These types of articles are only useful if your looking for a starting point
to get a conversation going on a topic. They are not good for supporting your
conclusion one way or the other once you have analyzed the topic.

------
sandov
Given the current technological landscape, we are not ready for a cashless
society. People don't have the knowledge nor the equipment required to make it
a good system. Avoiding this cashless thing seems like the correct move, until
we have good social infrastructure (in my opinion, not likely to happen before
2060). We need what Richard Stallman calls digital extraction:

>Projects with the goal of digital inclusion are making a big assumption.

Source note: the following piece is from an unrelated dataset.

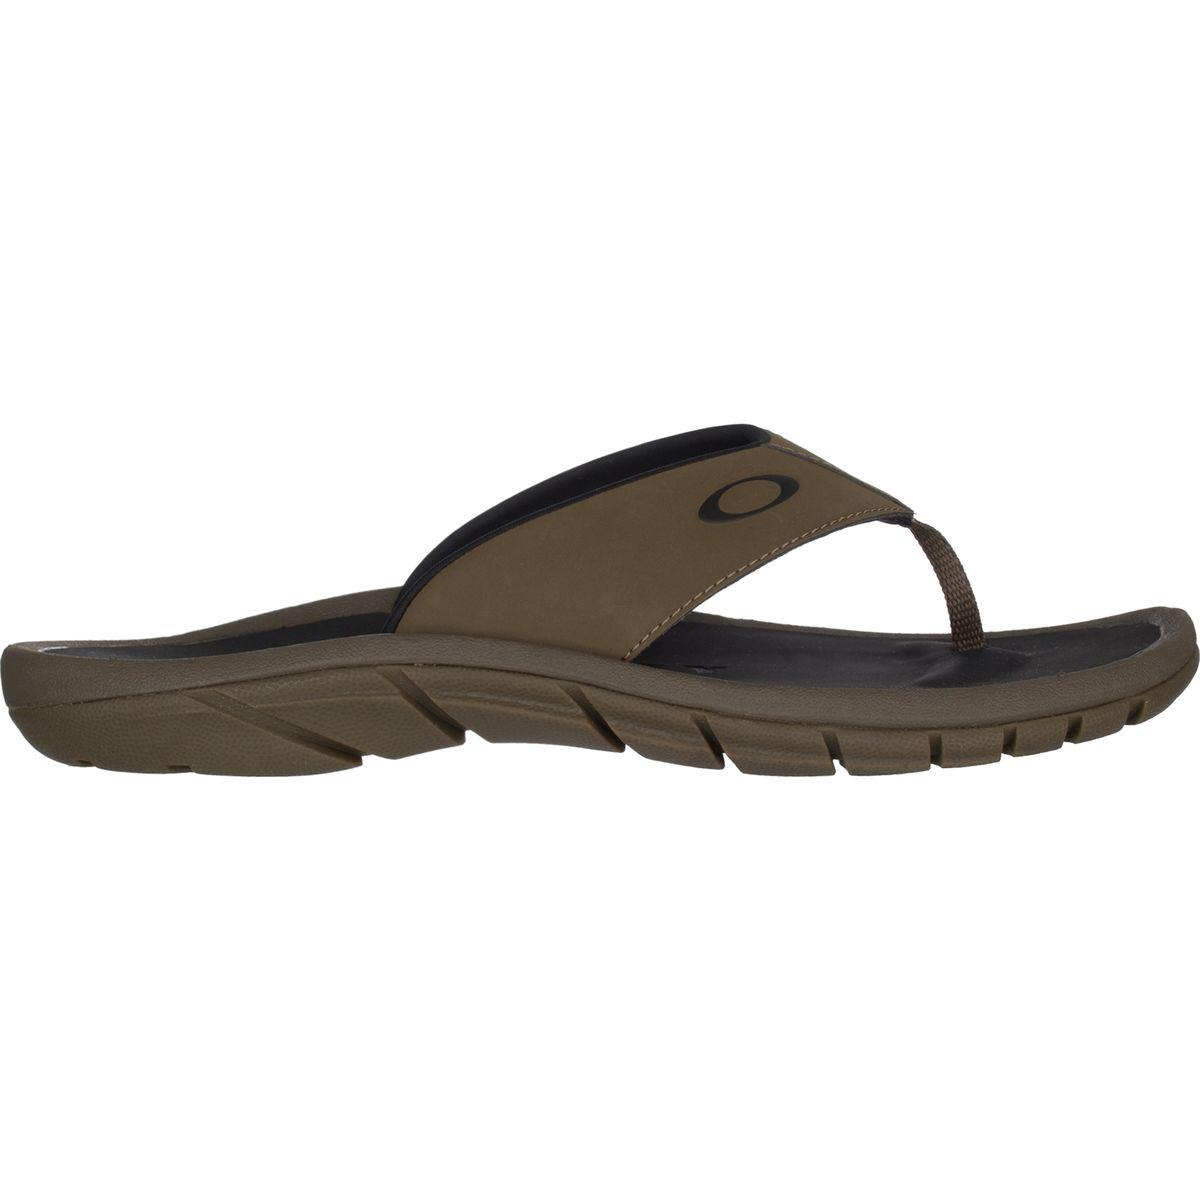 255cb4126f Lyst - Oakley Super Coil 2.0 Sandal in Brown for Men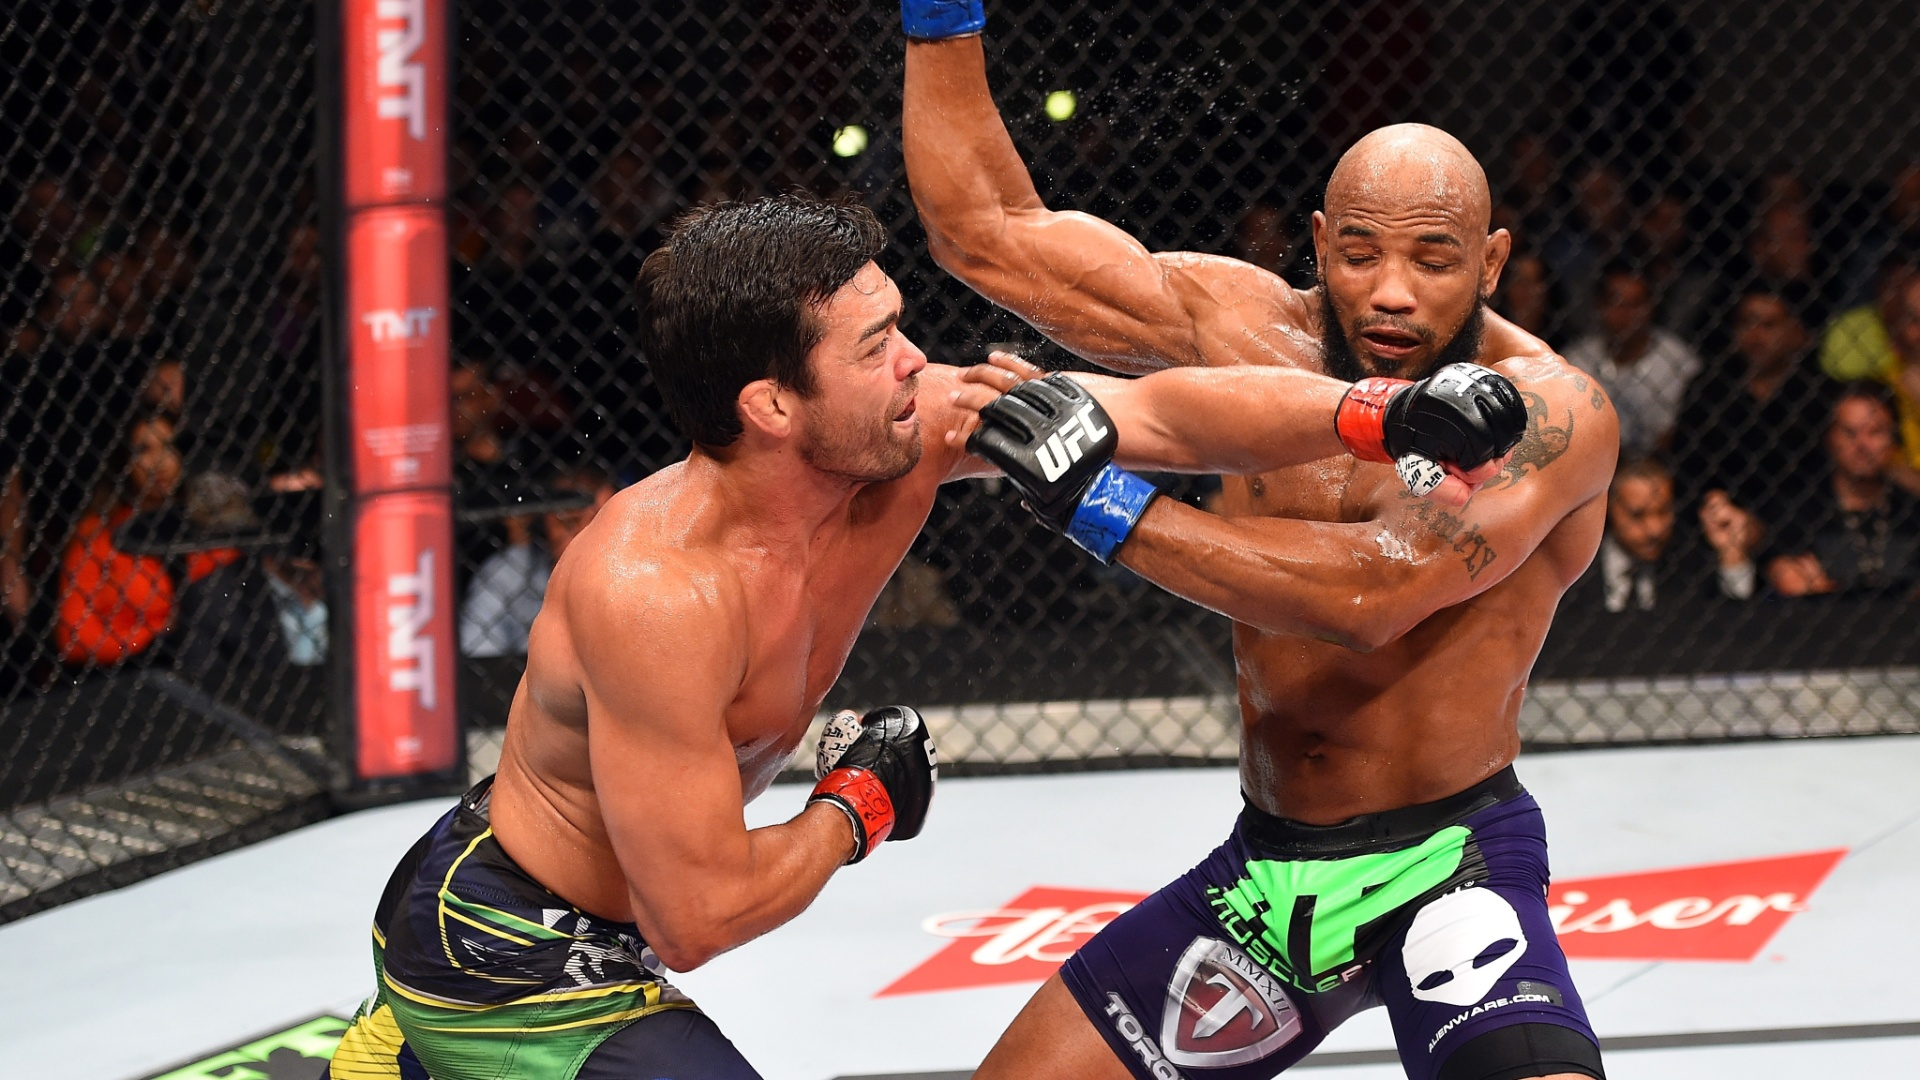 Lyoto Machida acerta Yoel Romero durante a derrota do brasileiro por nocaute no terceiro round

They
are assuming that participating in a digital society is good, but that's not
necessarily true. Being in a digital society can be good or bad, depending on
whether that digital society is just or unjust. There are many ways in which
our freedom is being attacked by digital technology. Digital technology can
make things worse, and it will, unless we fight to prevent it.

>Therefore, if we have an unjust digital society, we should cancel these
projects for digital inclusion and launch projects for digital extraction. We
have to extract people from digital society if it doesn't respect their
freedom, or we have to make it respect their freedom.

[https://www.gnu.org/philosophy/free-digital-
society.en.html](https://www.gnu.org/philosophy/free-digital-society.en.html)